Il est extrêmement important que le modèle soit formé sur tous les cas d’utilisation pour éviter les préjugés. Mais il est également important de noter que, même si il est impossible de couvrir absolument tous les cas d’utilisation en production, les équipes qui construisent l’IA doivent comprendre leurs données de production, ainsi que leurs données de formation, afin de former l’IA à ce qu’elle rencontrera en production. L’accès à des données de formation provenant de grands groupes diversifiés avec divers cas d’utilisation sera essentiel au succès du modèle. Par exemple, un modèle formé pour reconnaître les animaux de compagnie des gens dans une image téléchargée doit être formé sur tous les types d’animaux de compagnie ; chiens, chats, oiseaux, petits mammifères, lézards, etc. Si le modèle n’est formé que sur les chiens, les chats et les oiseaux, alors, lorsqu’une personne télécharge une image avec son cobaye, le modèle ne pourra pas l’identifier. Même si c’est un exemple très simple, cela montre à quel point la formation sur autant de cas d’utilisation probables que possible est essentielle au succès d’un modèle.

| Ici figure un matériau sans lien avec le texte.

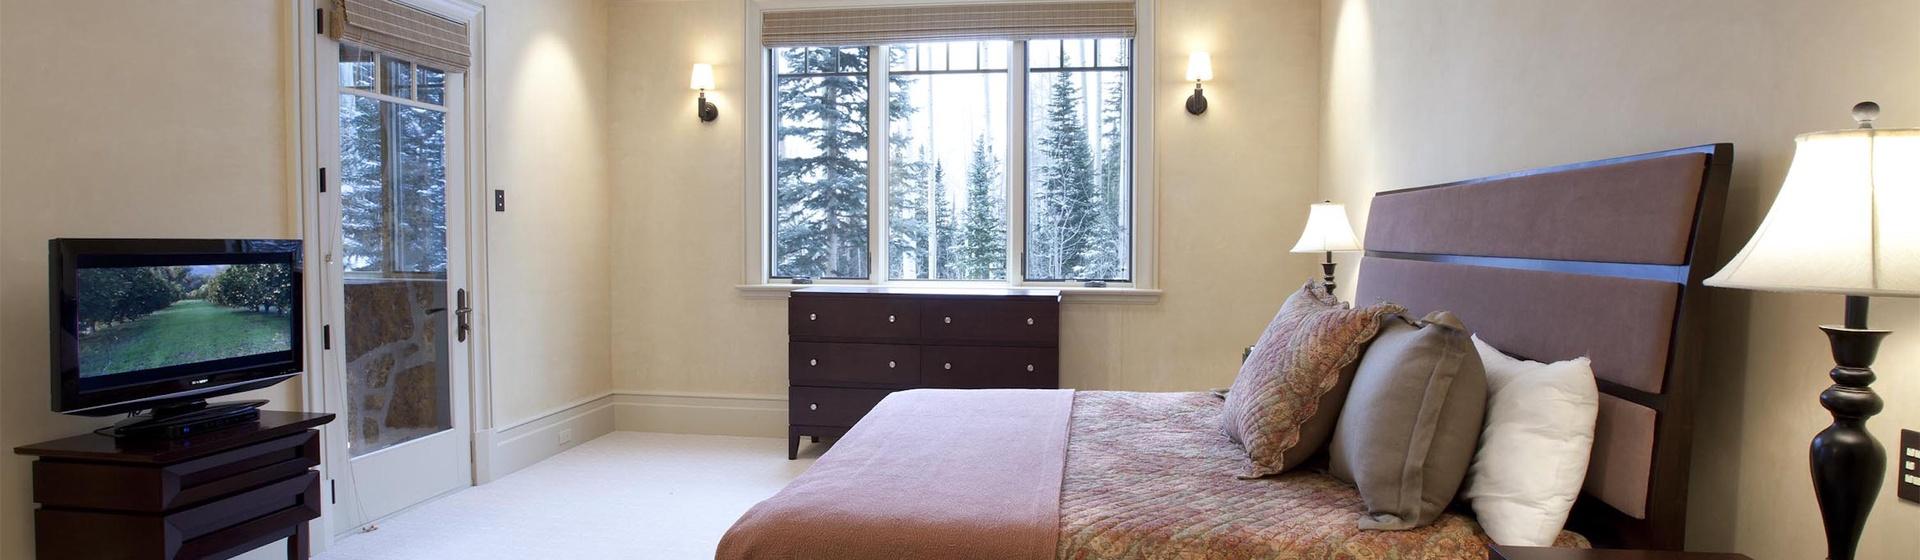 5.16-mountain-village-hood-park-manor-guest-bedroom-e-track.jpg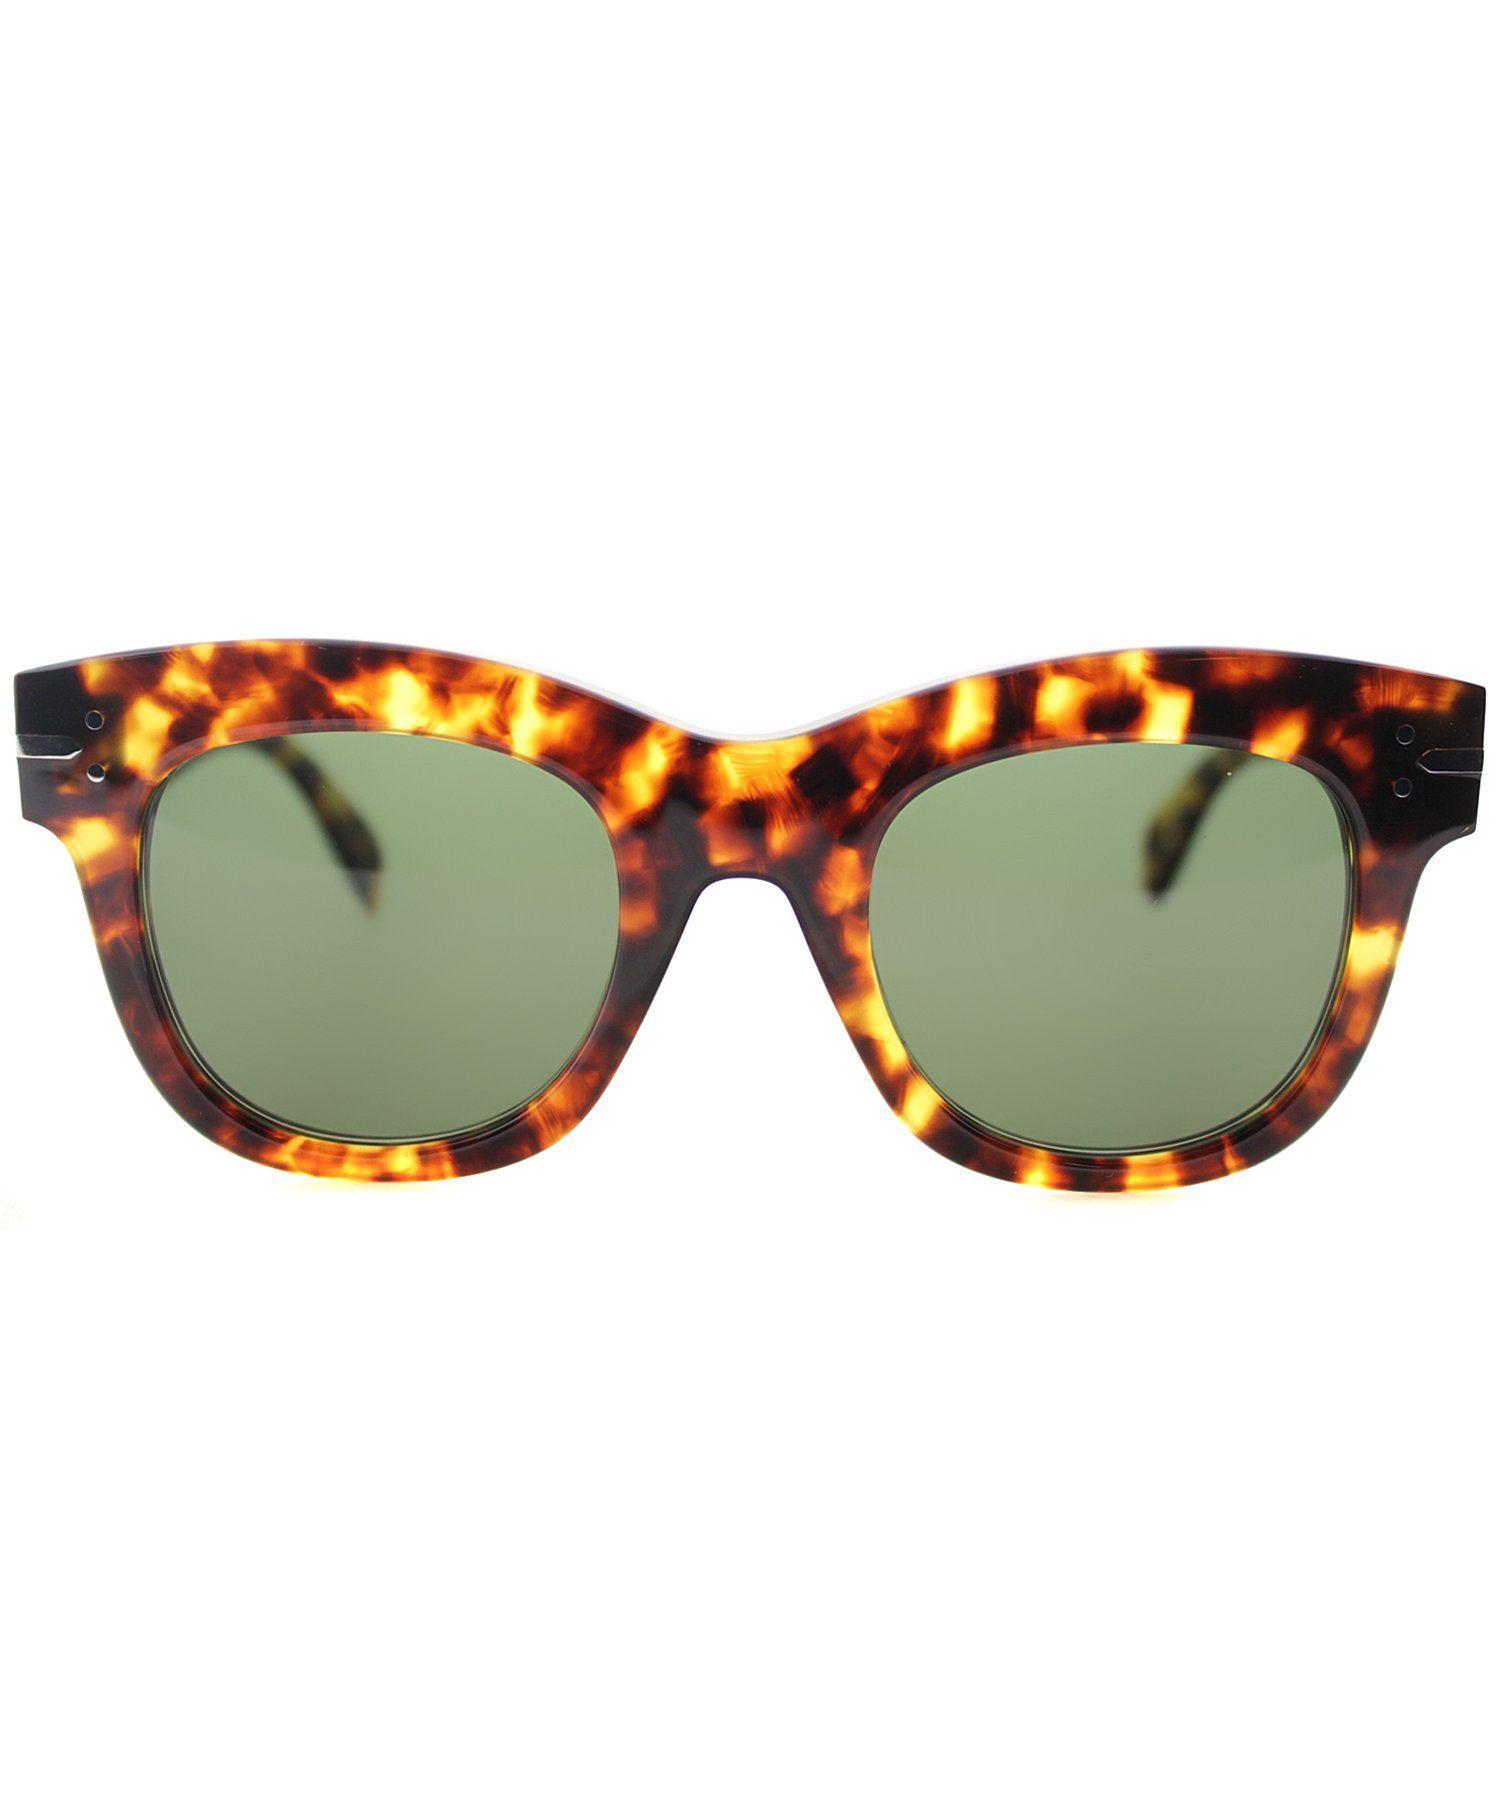 401a412f0641 The Celine Celine CL 41079 E88 Blonde Tortoise Round Plastic Sunglasses at  Bluefly.

Il est question dans le livre de la nécessité de développer de bonnes habitudes d’hygiène des données de haut en bas, quels sont les premiers pas pour cultiver cette habitude ?
De bonnes habitudes d’hygiène des données augmenteront l’utilité des données internes et les prépareront pour les cas d’utilisation de l’IA. L’ensemble de l’entreprise doit devenir compétent dans l’organisation et le suivi de ses ensembles de données. Une façon sûre de réaliser cela est de le rendre une exigence commerciale et de suivre la mise en œuvre afin qu’il y ait très peu de rapports qui se terminent par des travaux personnalisés, et que les équipes travaillent de plus en plus avec des pipelines de données canalisés vers un référentiel central, avec une ontologie claire. Une autre bonne pratique est de conserver un enregistrement de quand et où les données ont été collectées et ce qui leur est arrivé avant d’être placées dans la base de données, ainsi que d’établir des processus pour nettoyer les données inutilisées ou obsolètes périodiquement.
Je vous remercie pour cette grande interview, pour les lecteurs qui souhaitent en savoir plus, je vous recommande de lire le livre Le monde réel de l’IA : Un guide pratique pour un apprentissage automatique responsable.